Agri National

Let’s Support Rearing For Food And Job By Consuming Local Birds – Boris Baidoo

Mr Boris Baidoo, the Chief Executive Officer of Boris B’s Farms and Veterinary Supplies Ghana Limited, has called on Ghanaians to generate the taste for poultry produced in Ghana to promote the President’s agricultural policy Rearing for Food and Jobs.

According to him, the poultry sector is a big one, and the attention from the government will create market connections for soybeans, millet, maize and other cereals, since these crops are used in the preparation of poultry feed and also take lots of people off the street especially tertiary graduates.

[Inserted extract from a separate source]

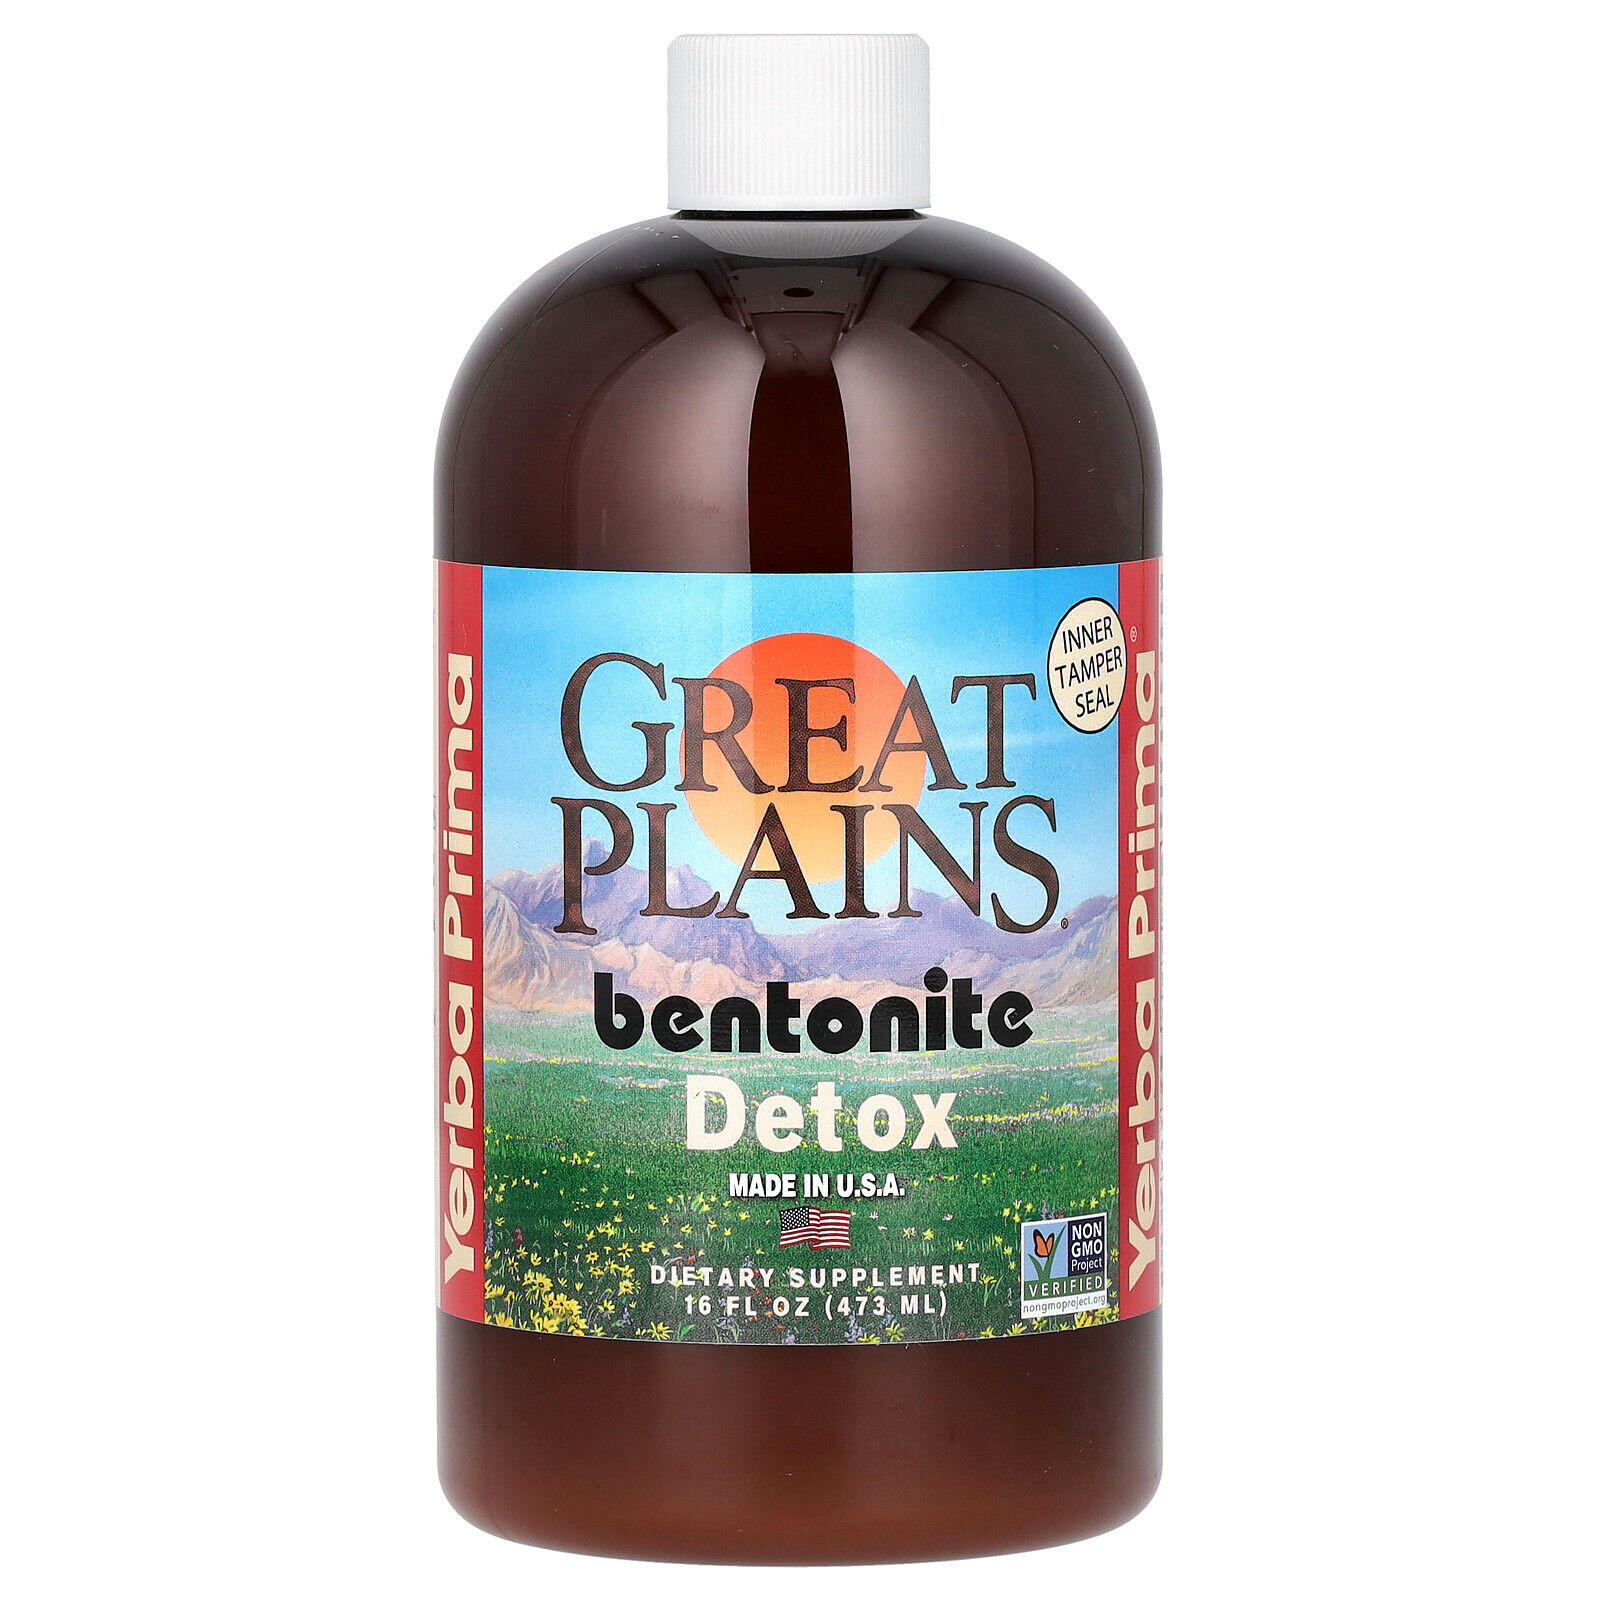 Great Plains, Bentonite, Detox, 16 fl oz (473 ml)

He said Ghana’s frozen chicken imports jumped from 13,000 metric tons in 2000 to over 155,000 metric tons in 2011 costing $169 million and figures showed that in 2017, a total of over 135,000Mt (about 112 million birds) of frozen chicken was imported from European Union (EU), which is 76 per cent increase over the 2016 EU import.

Mr. Baidoo argued that the excessive importation of frozen chicken as well as high costs of production have been the bane of local poultry production therefore the swift intervention by the president is on the right direction.

Adding that, this scares the poultry industry as many Ghanaians have generated taste for frozen chicking therefore crippling the section but said with the government support through the rearing for good and job policy will help minimize the cost of production hence Ghanaians interest to consume poultry produce from Ghana is key to its sustainability.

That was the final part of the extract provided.